#### RECORD EXCERPTS:
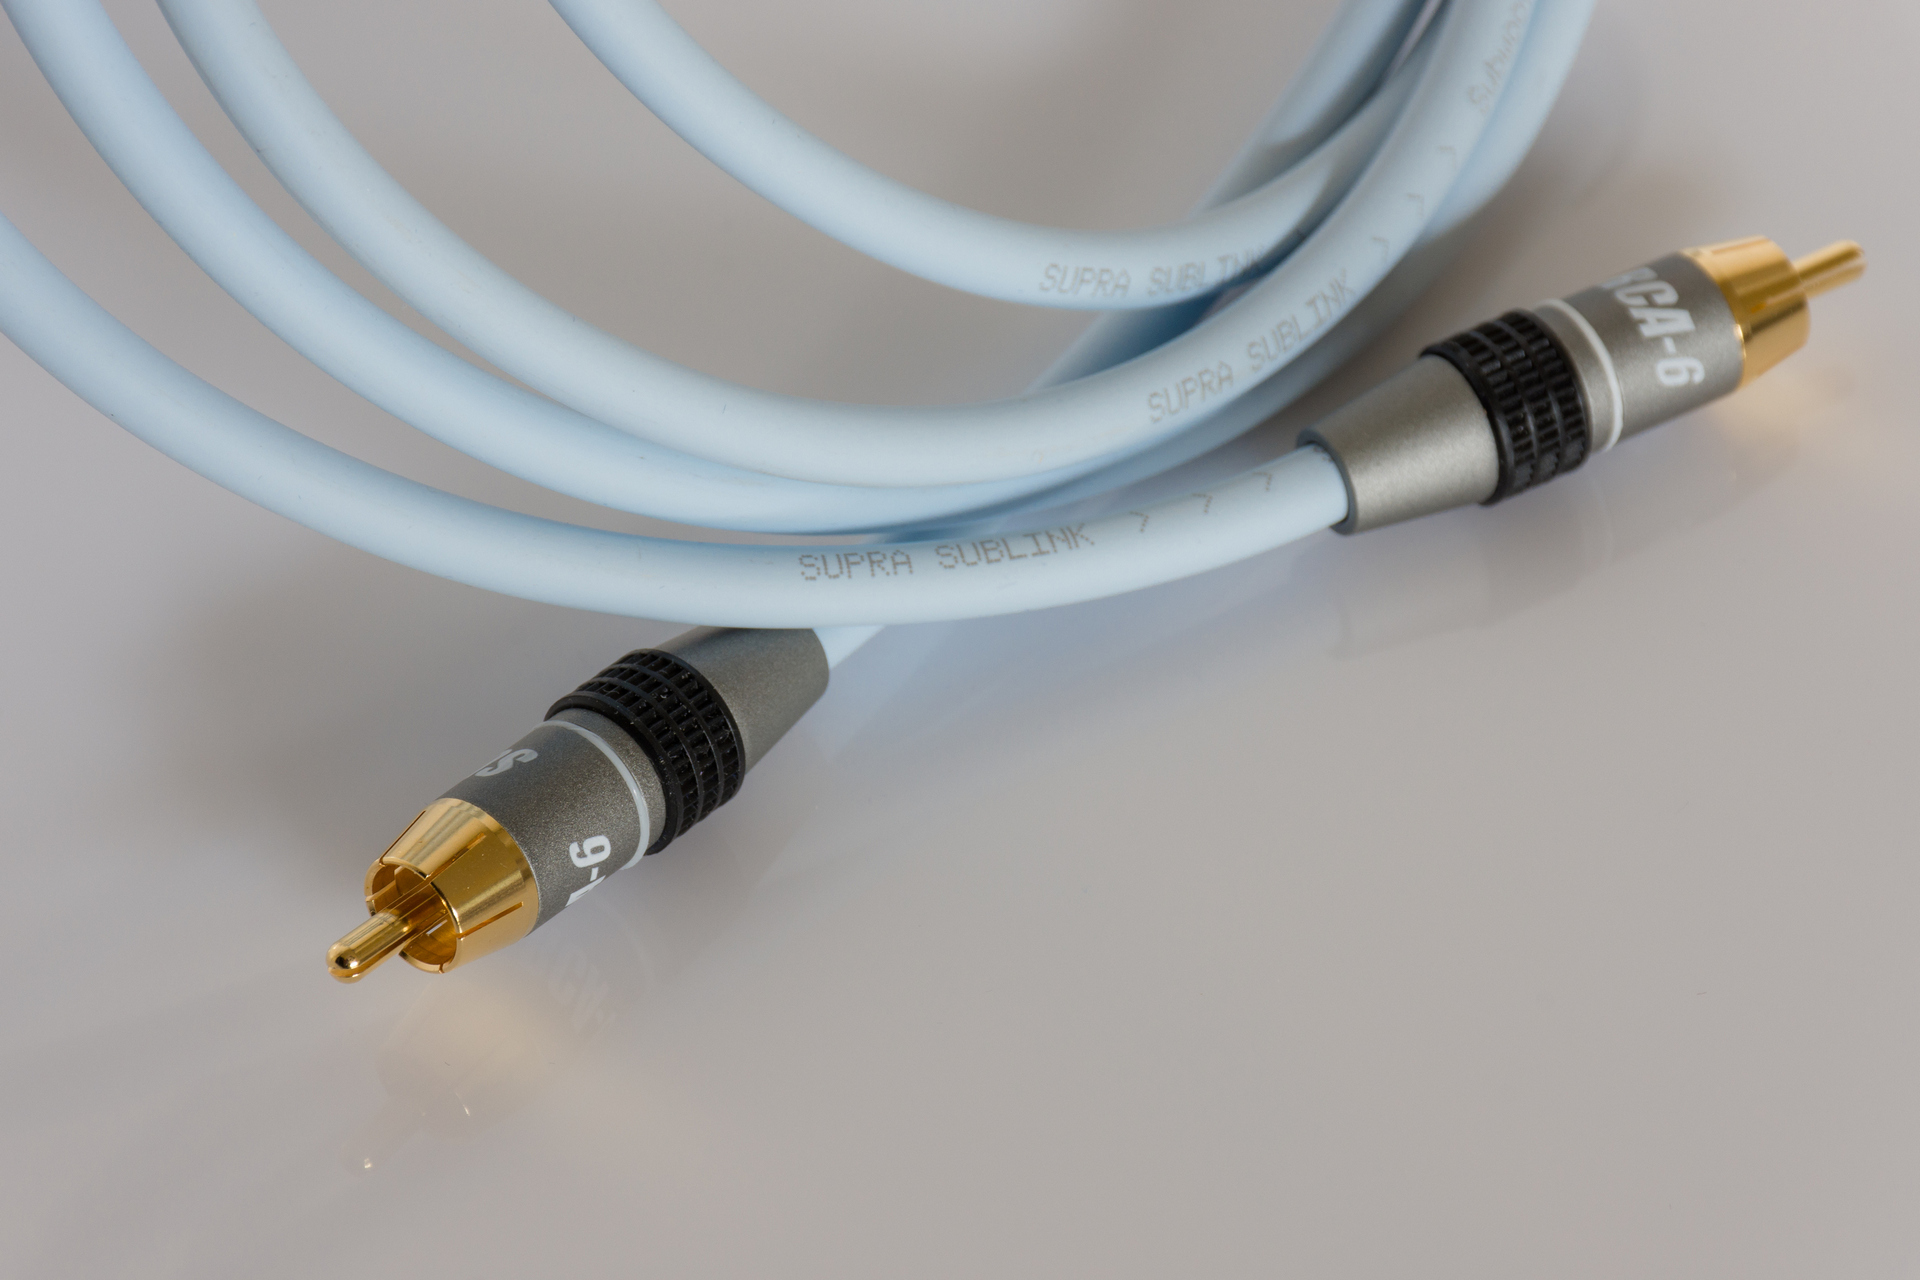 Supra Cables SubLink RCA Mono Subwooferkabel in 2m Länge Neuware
--
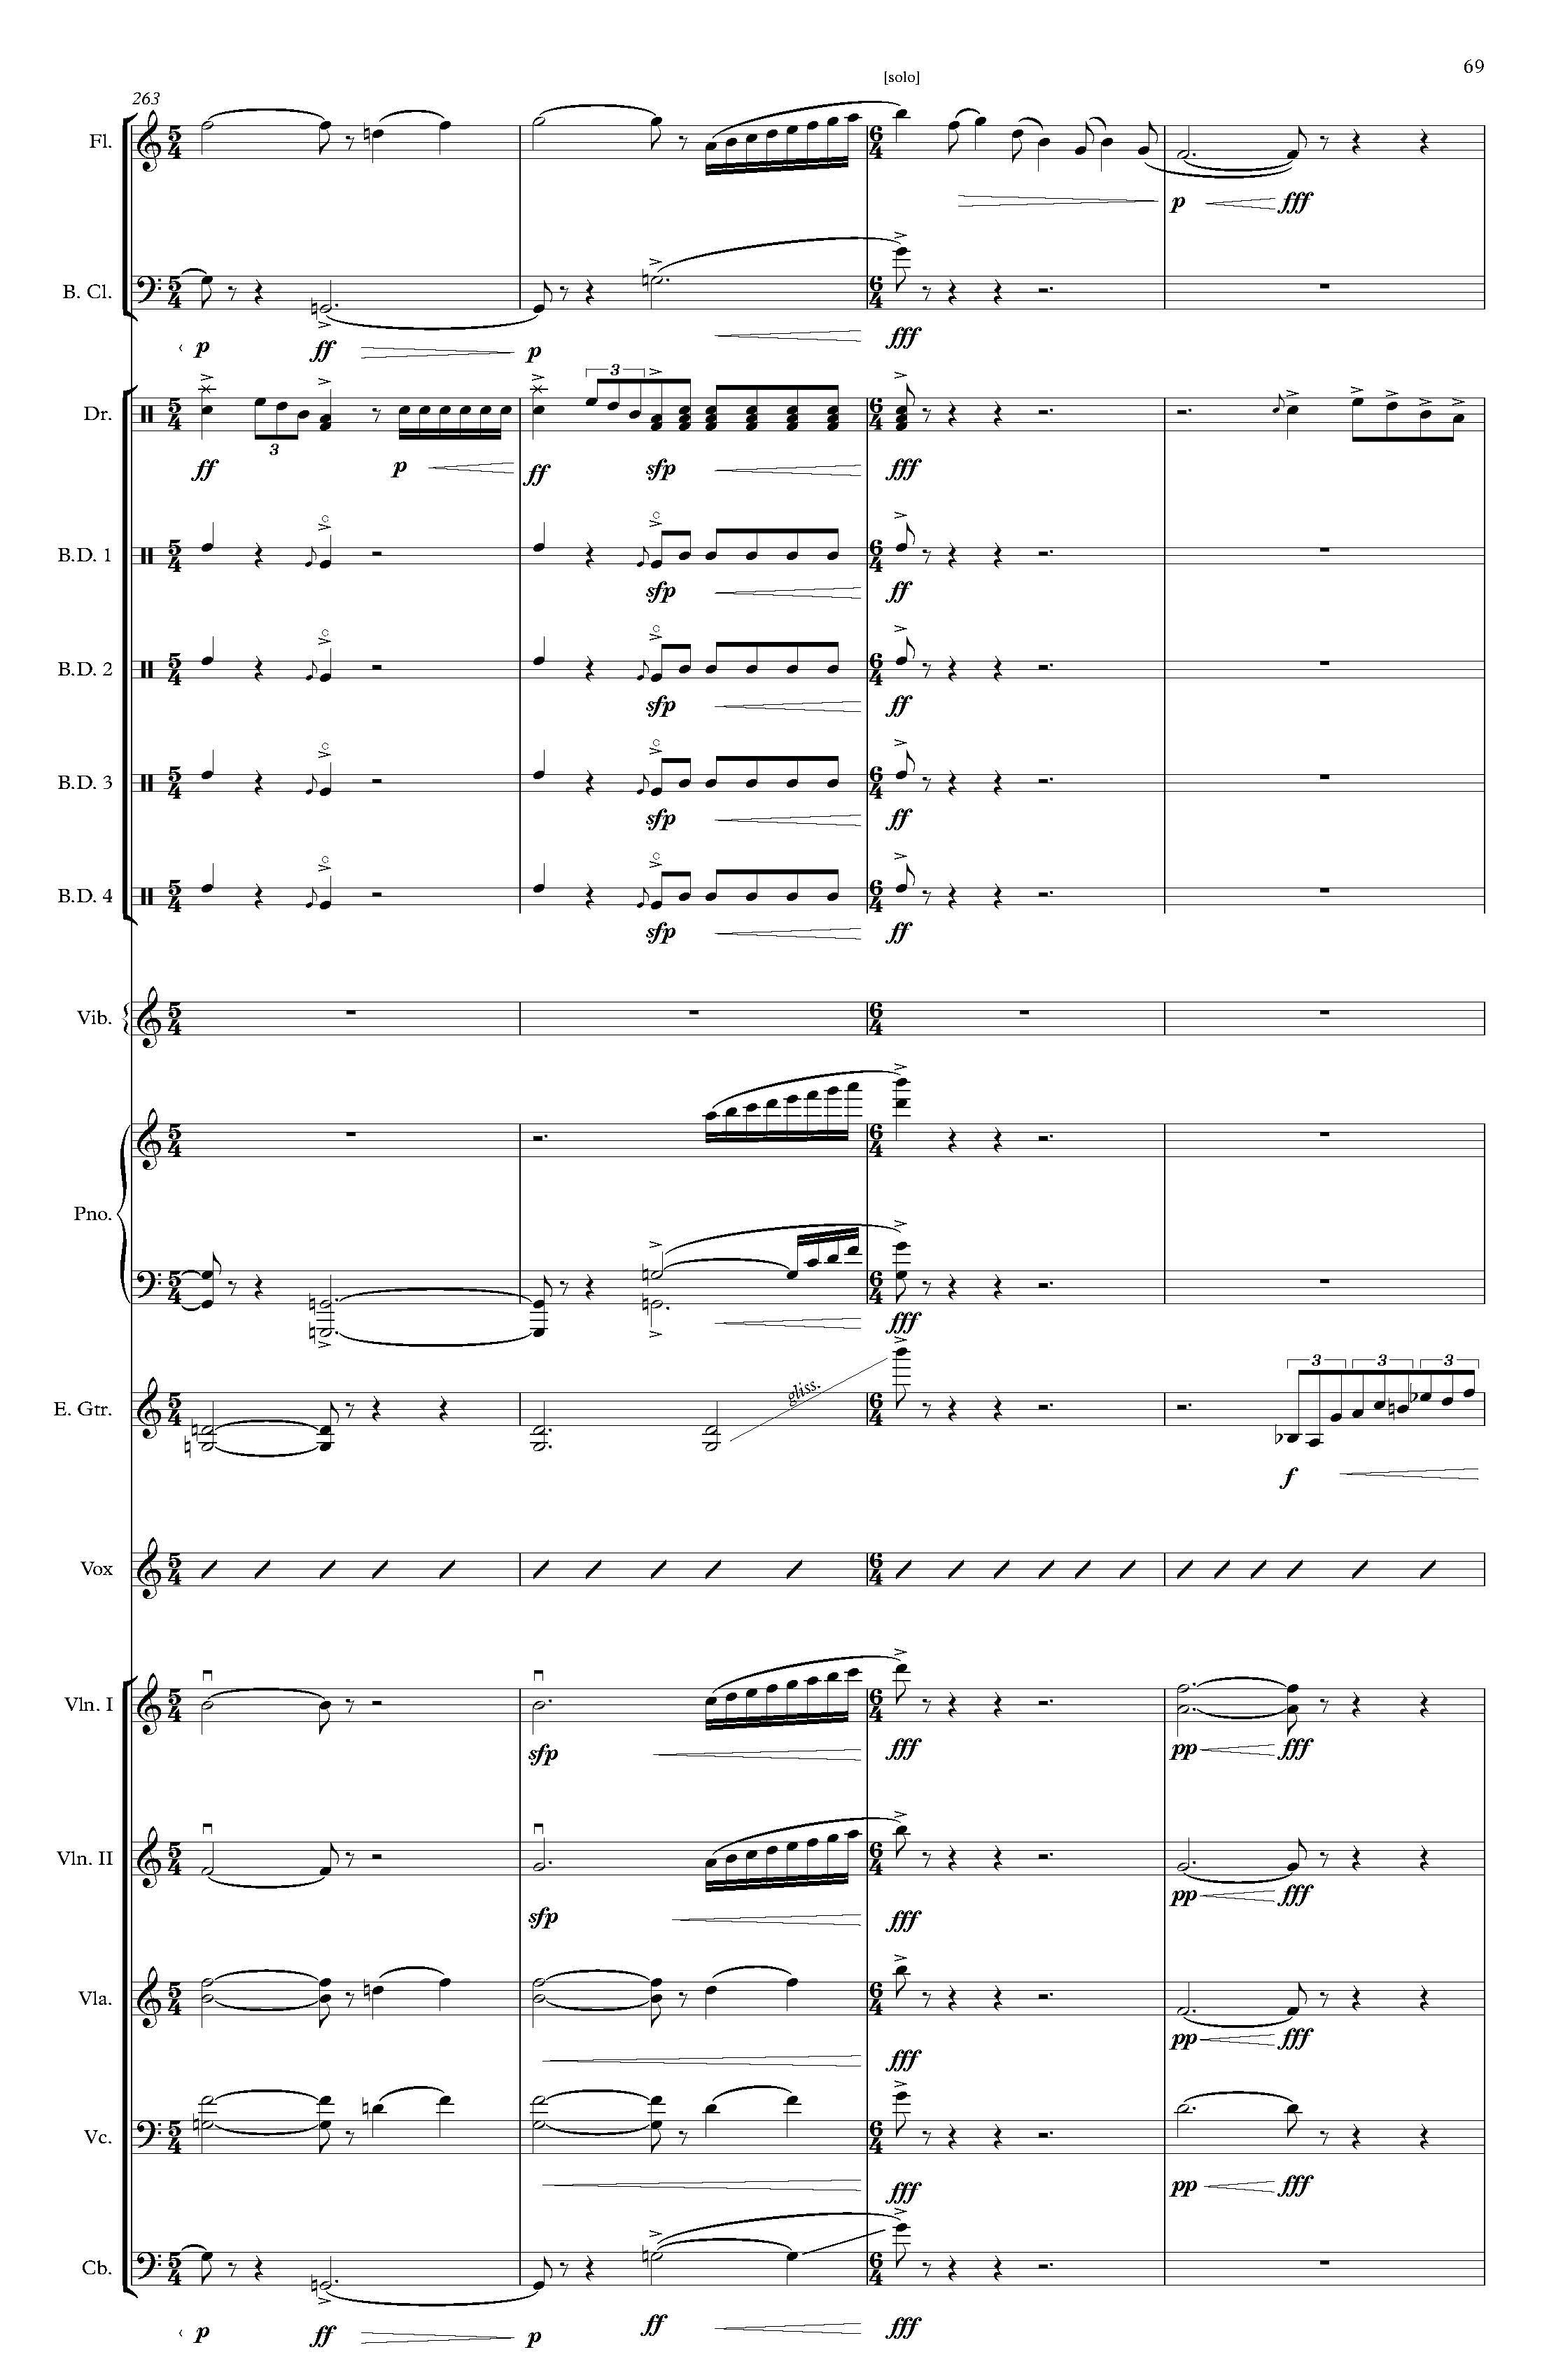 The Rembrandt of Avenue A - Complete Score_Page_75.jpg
* * *
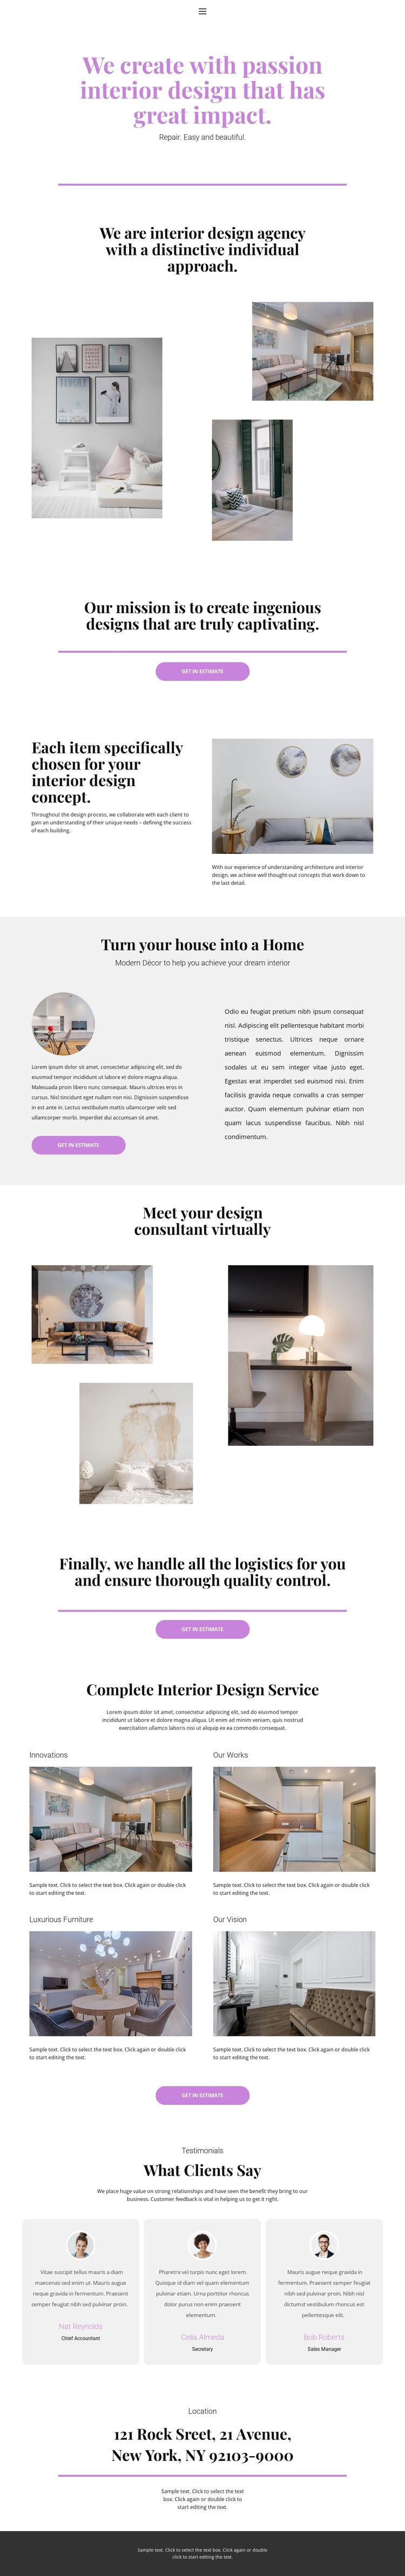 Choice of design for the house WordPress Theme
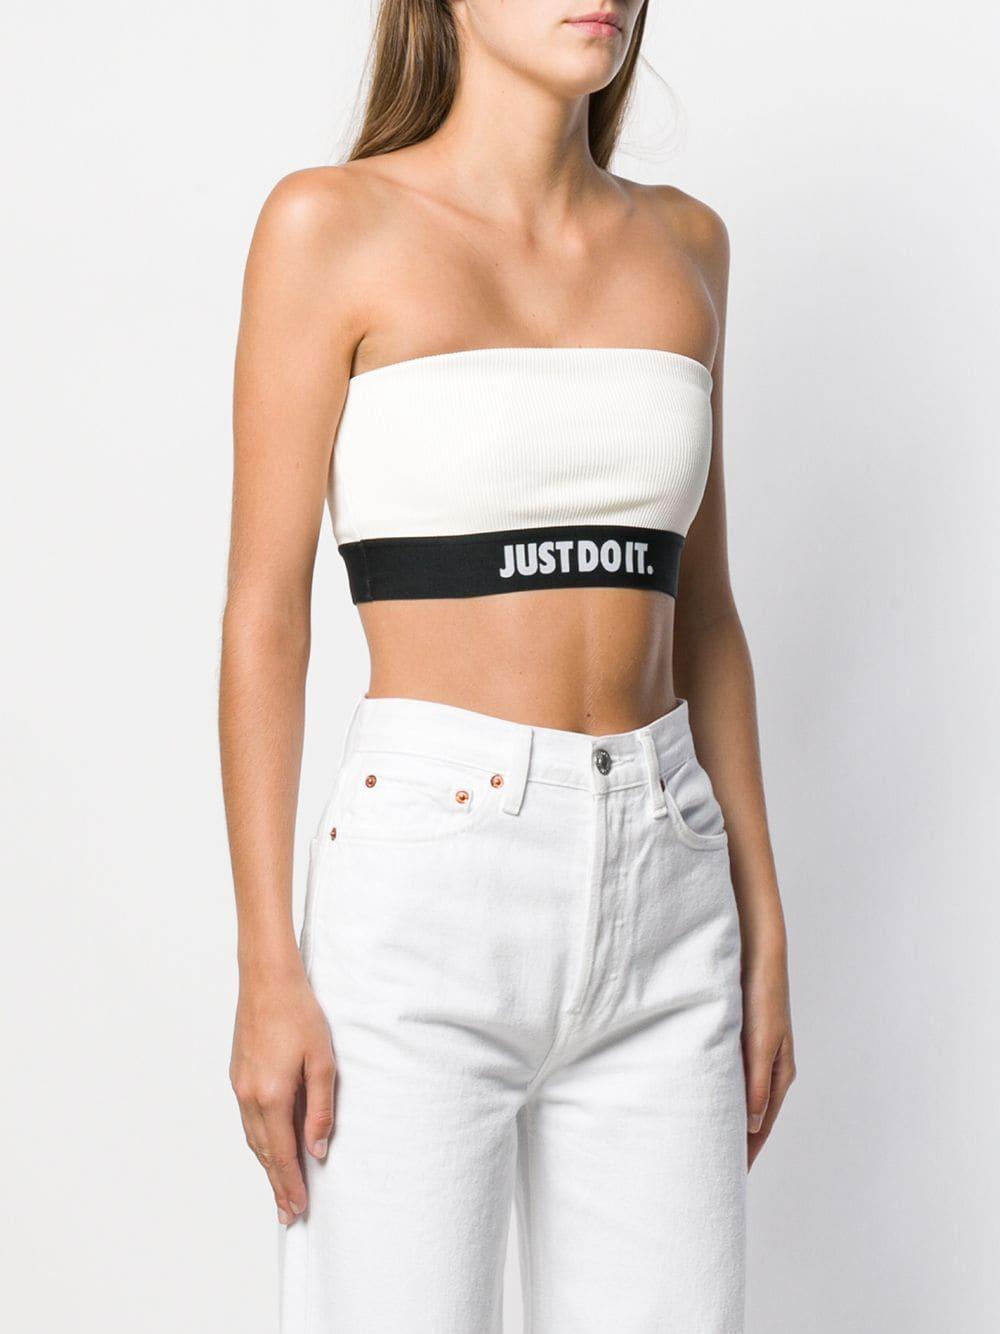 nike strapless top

#### TASK DESCRIPTION:
Your reply is to be an exact repeat of the listing above from the line holding "Choice of design" down to the line holding "nike strapless top", ends included, pictures excluded.

#### ANSWER TO THIS EXERCISE:
 Choice of design for the house WordPress Theme
 nike strapless top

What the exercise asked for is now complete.